[How to complete this task]
Copy down the listing below exactly. Do not include pictures.

┌─ Input material

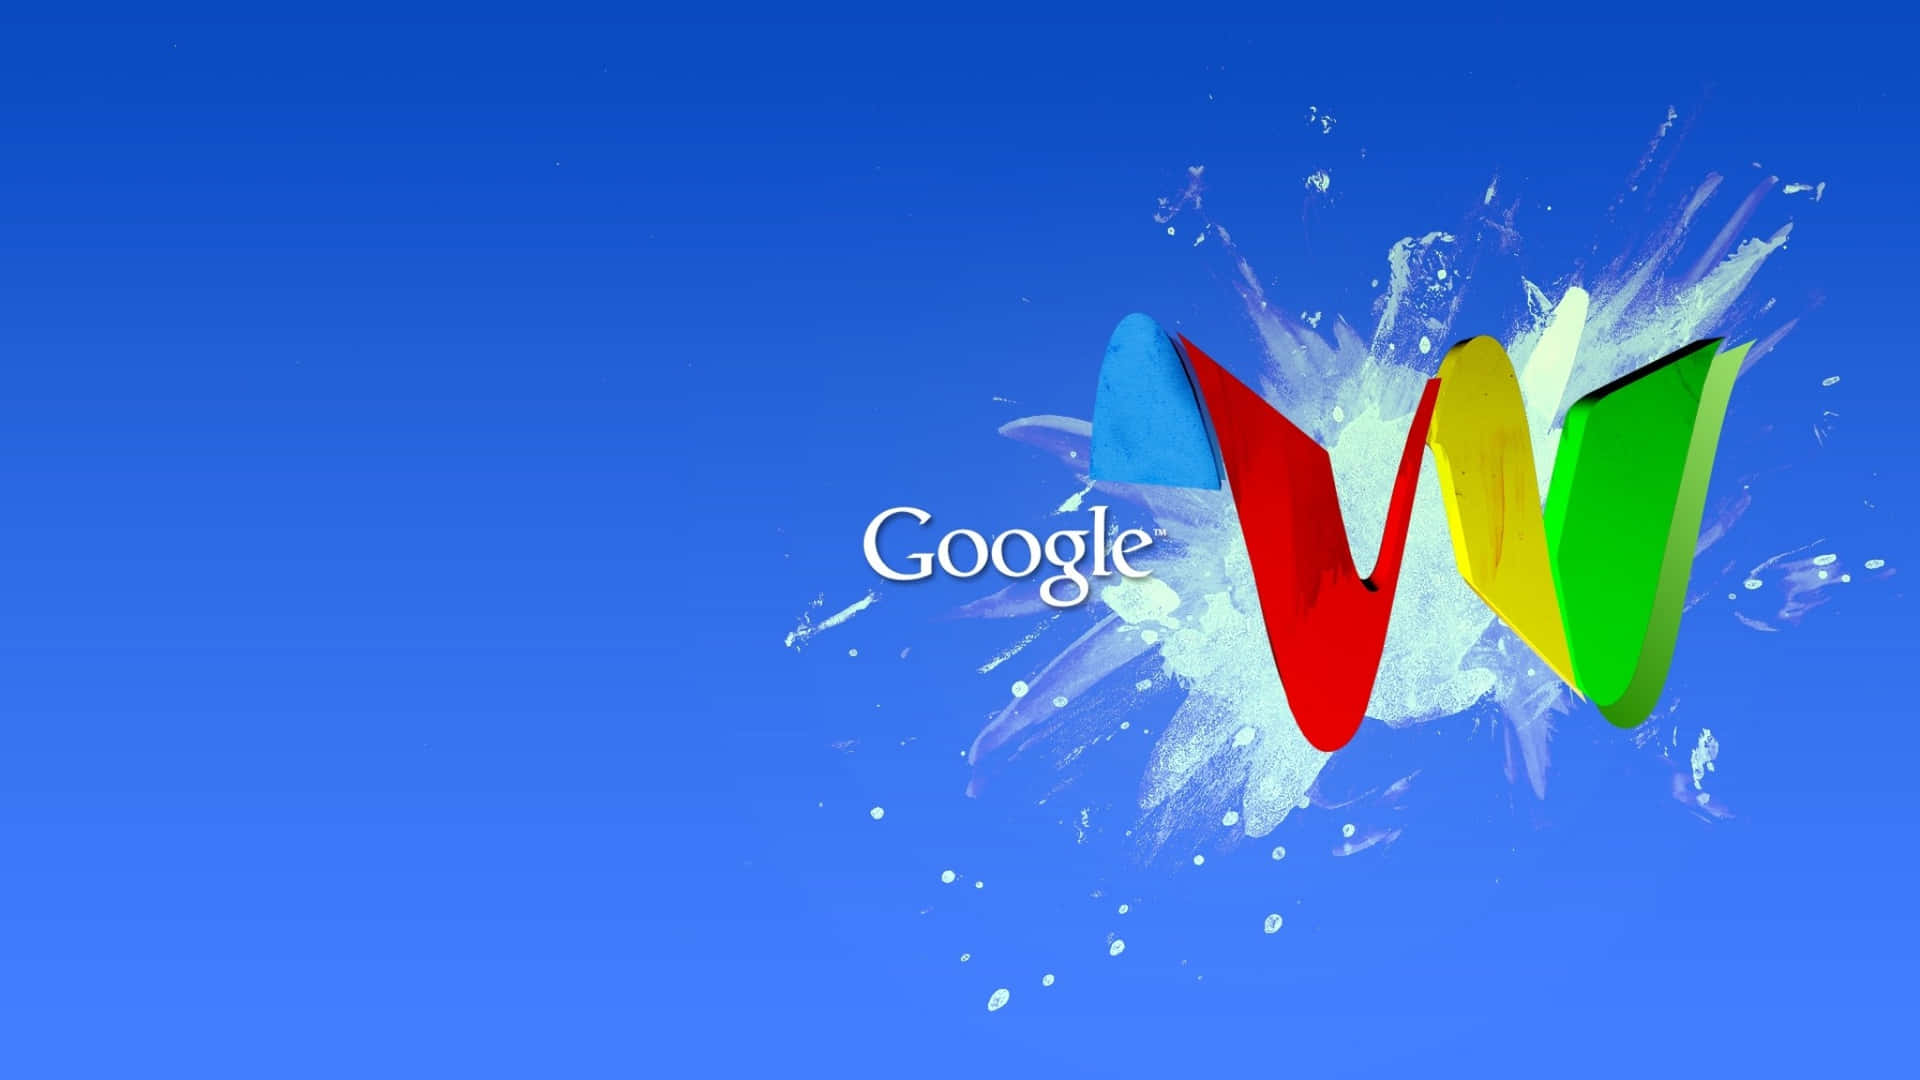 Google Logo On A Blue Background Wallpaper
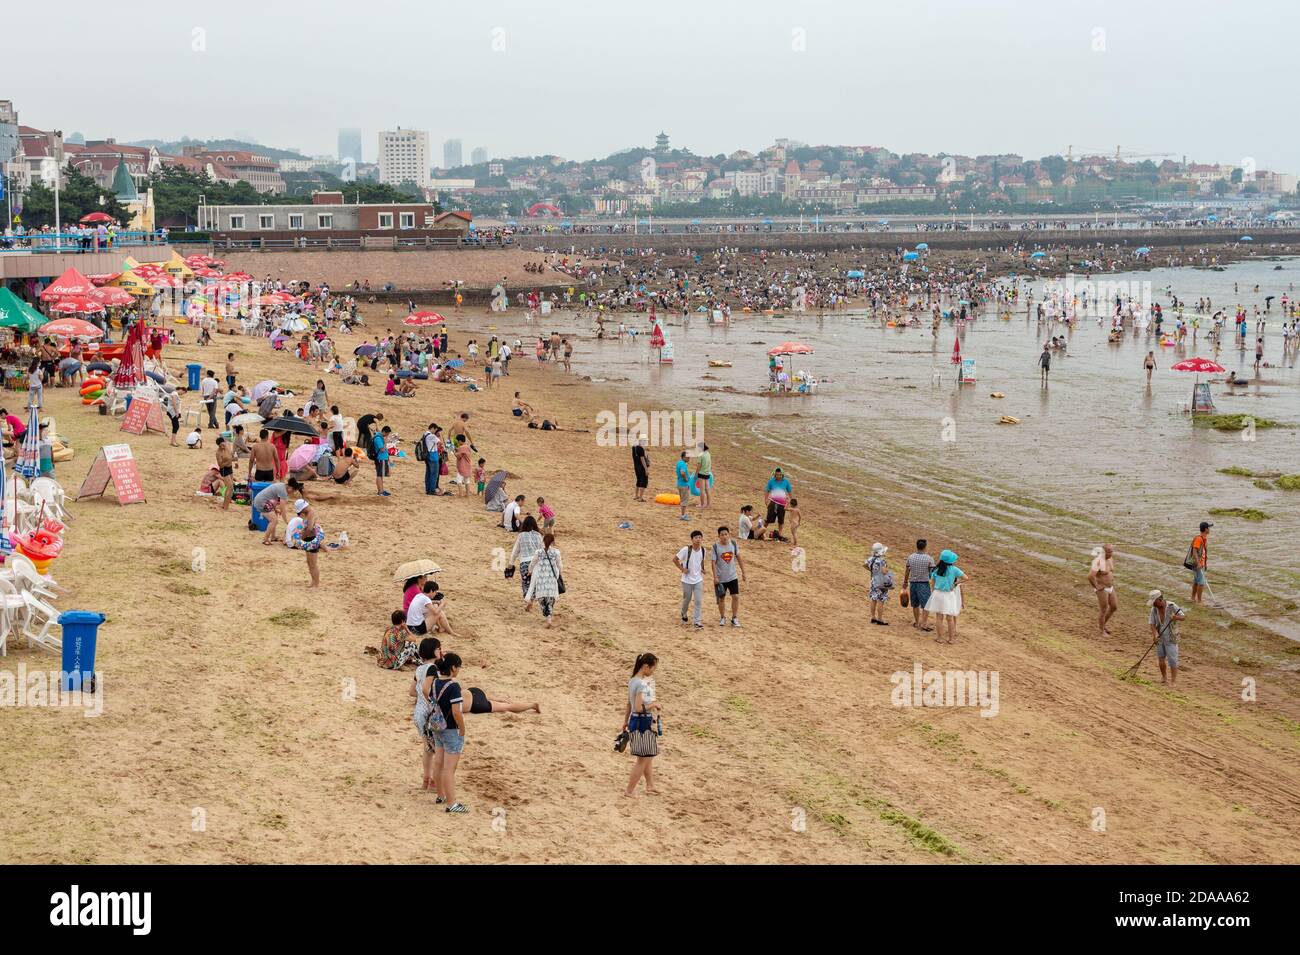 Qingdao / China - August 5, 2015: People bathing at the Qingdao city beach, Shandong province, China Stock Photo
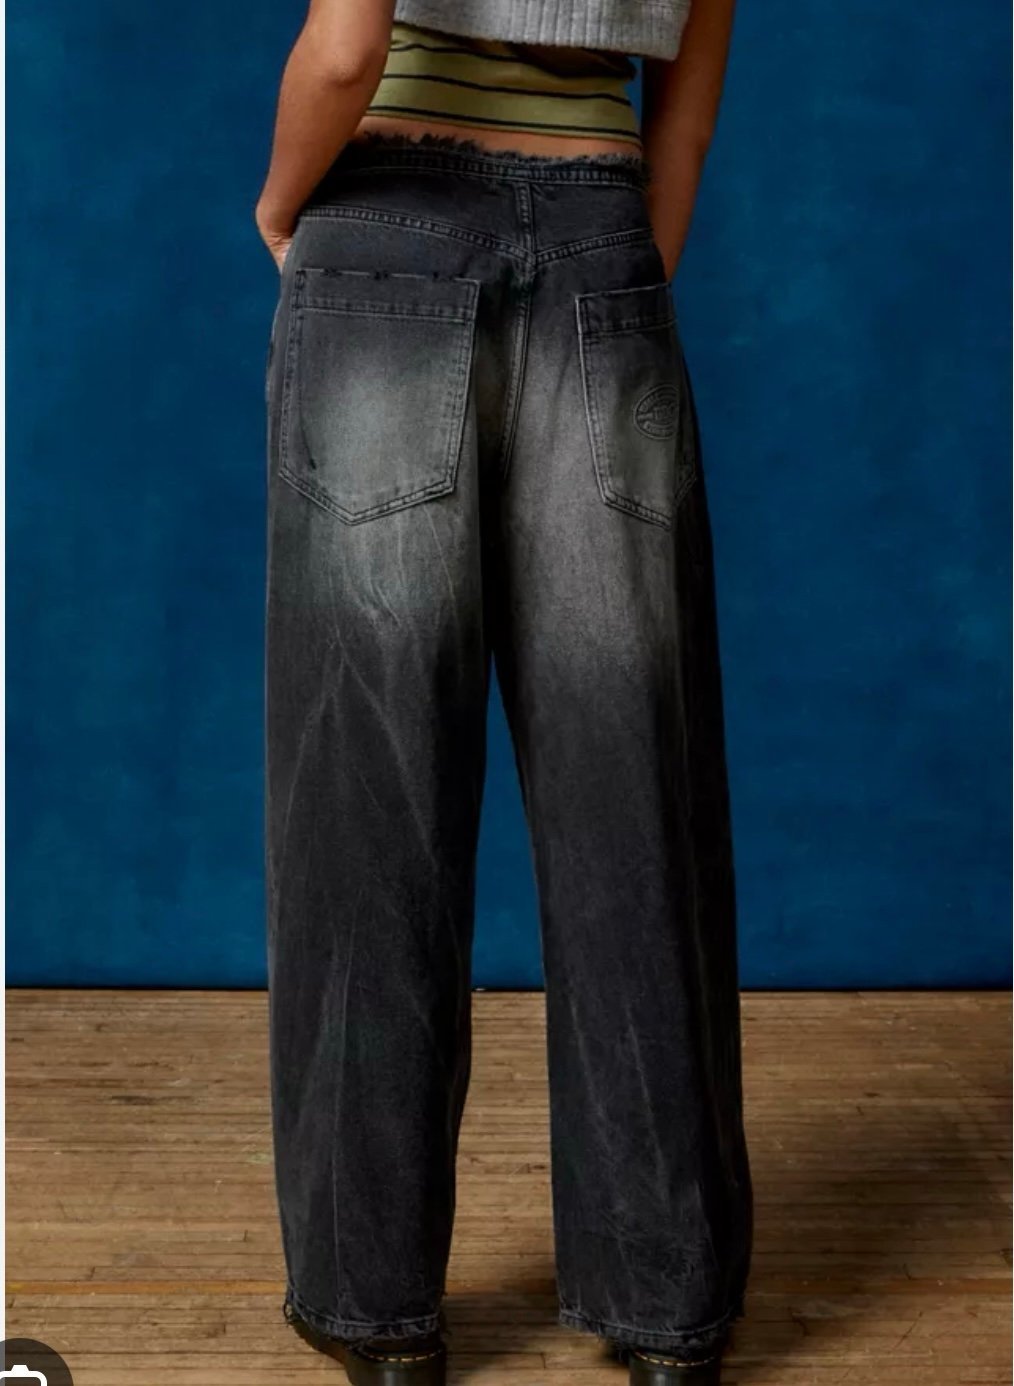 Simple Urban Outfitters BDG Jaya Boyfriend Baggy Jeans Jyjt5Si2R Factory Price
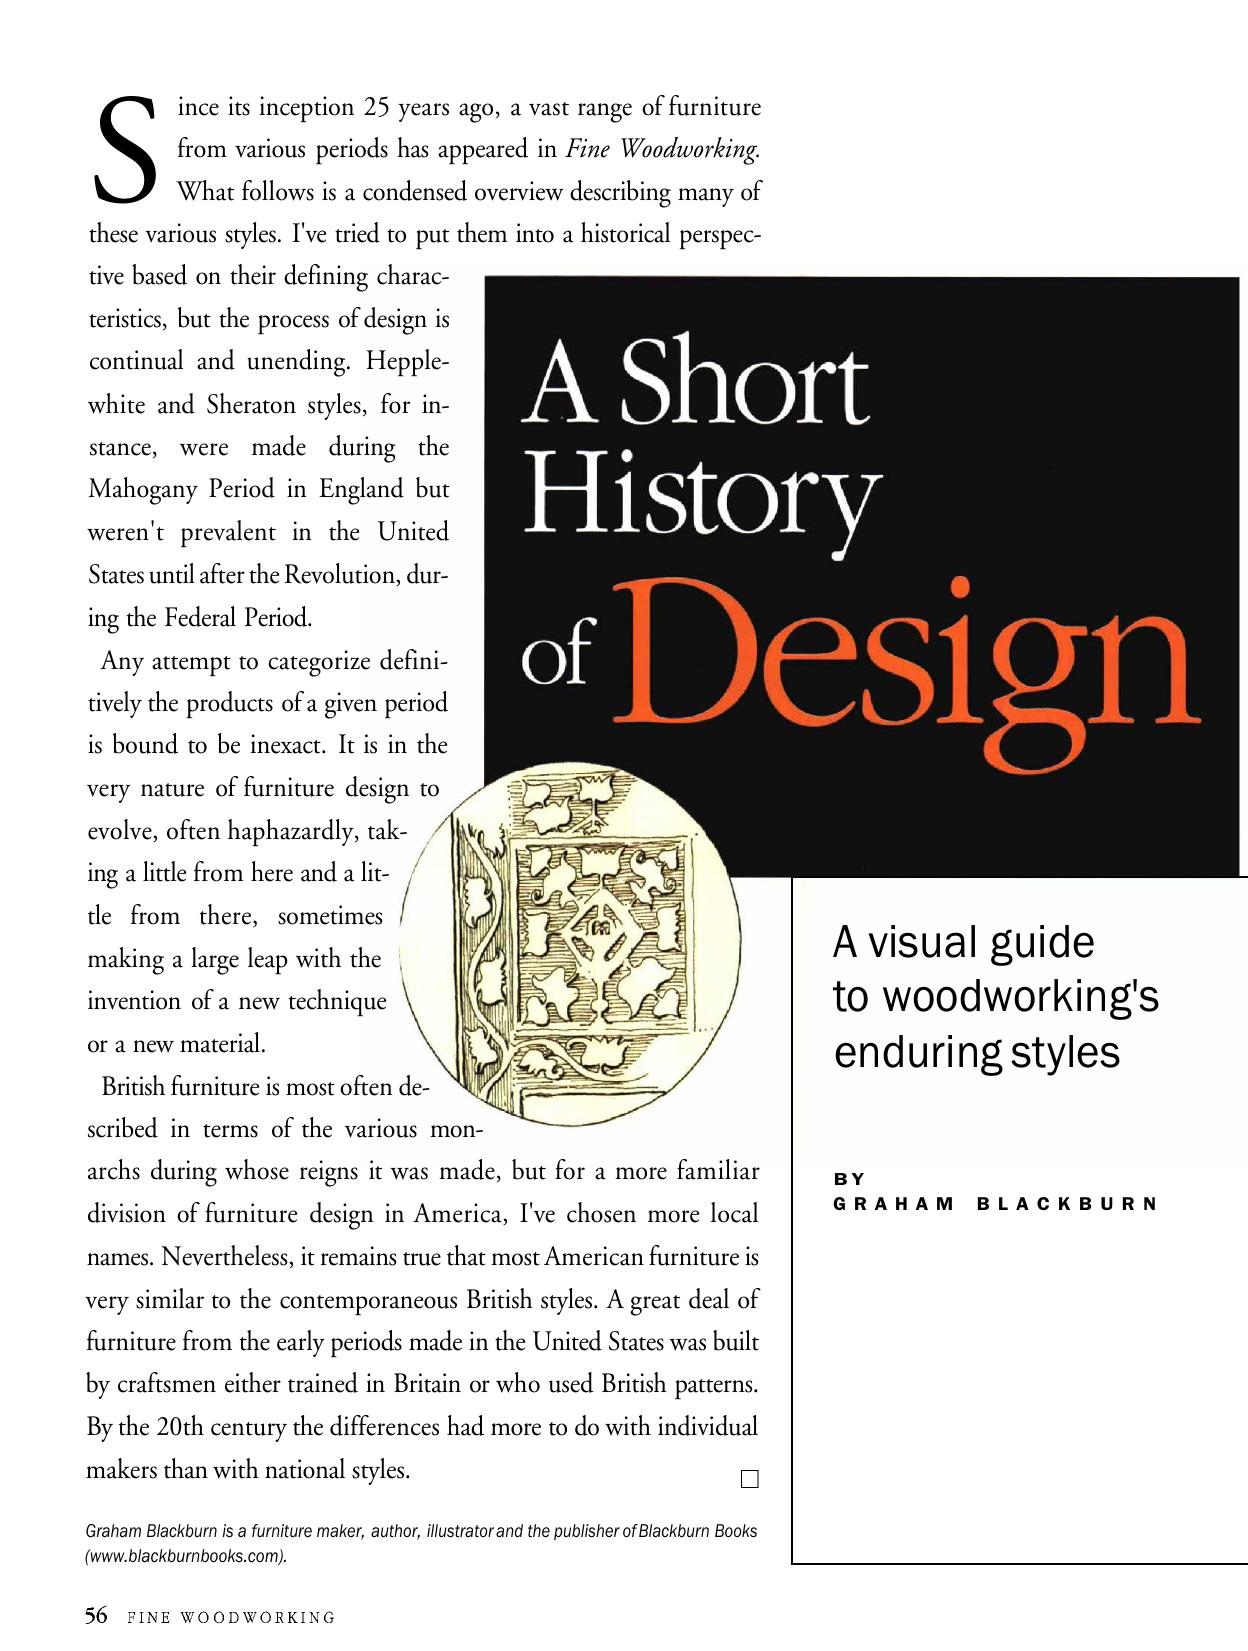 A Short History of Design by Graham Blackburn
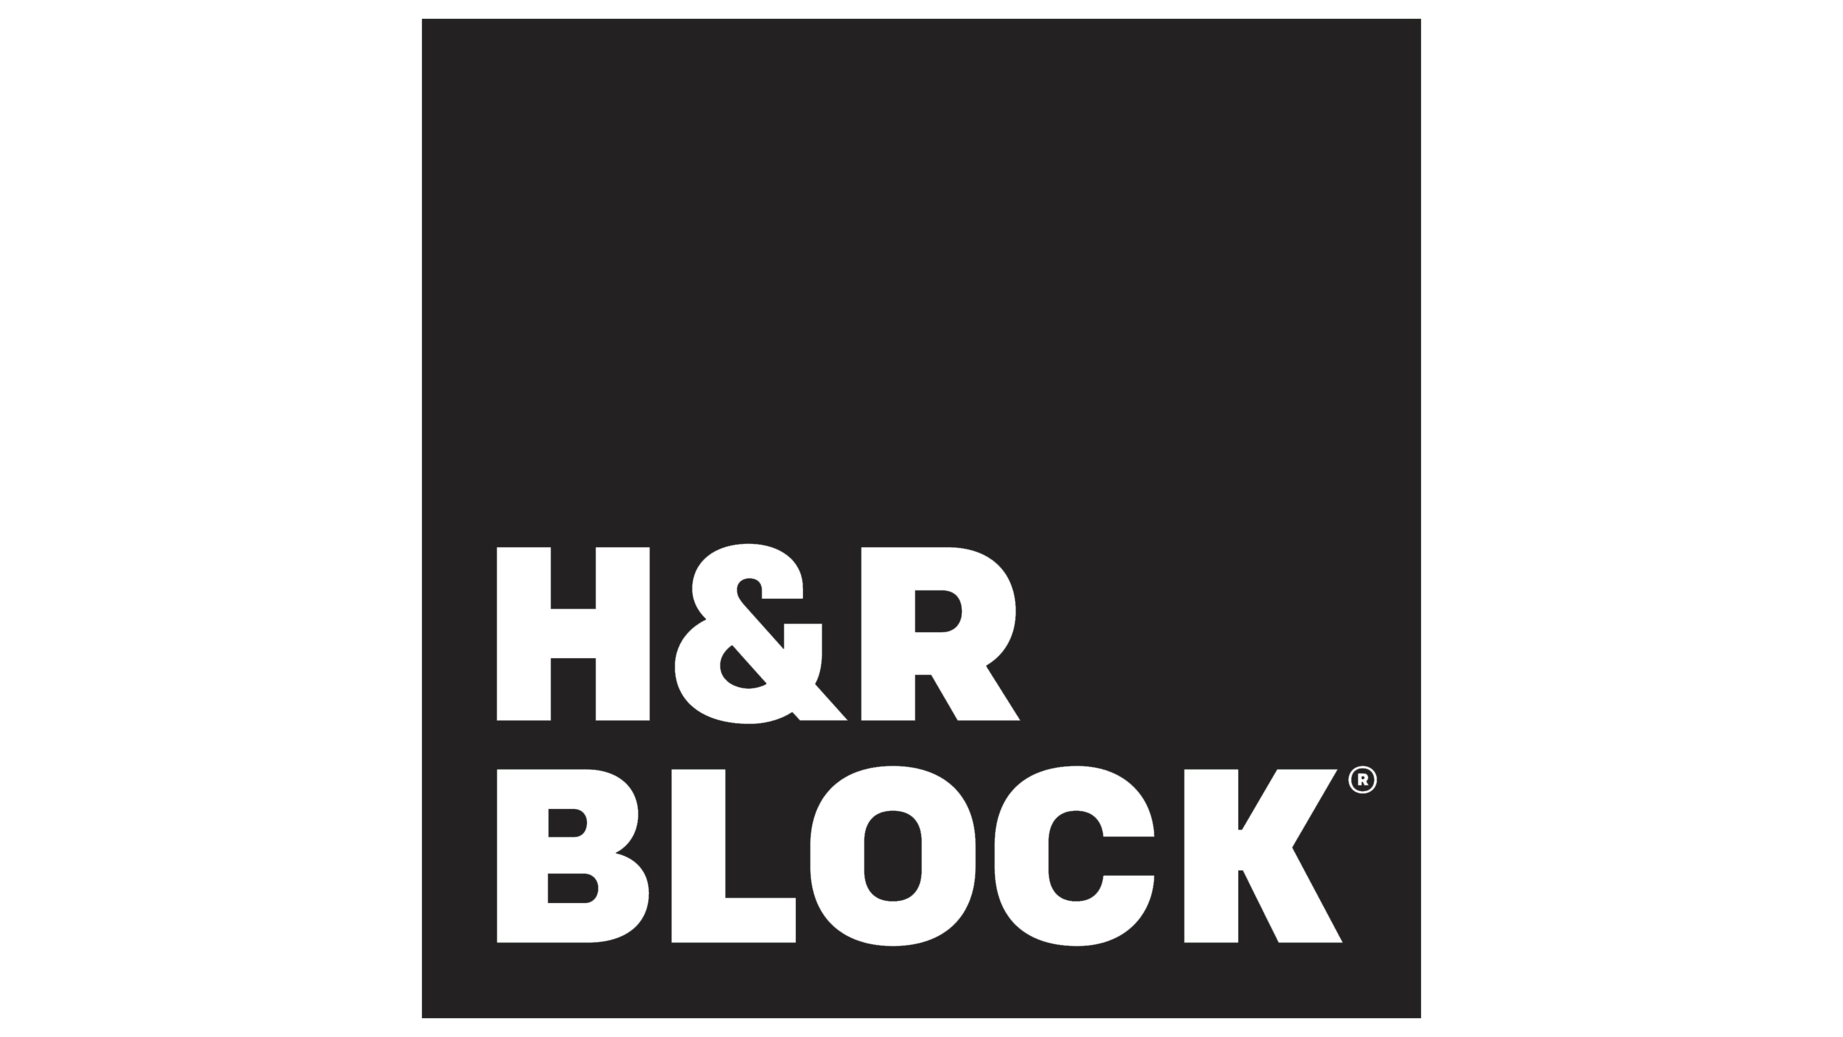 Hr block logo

└─

[Answer below]
 Google Logo On A Blue Background Wallpaper
 Qingdao / China - August 5, 2015: People bathing at the Qingdao city beach, Shandong province, China Stock Photo
 Simple Urban Outfitters BDG Jaya Boyfriend Baggy Jeans Jyjt5Si2R Factory Price
 A Short History of Design by Graham Blackburn
 Hr block logo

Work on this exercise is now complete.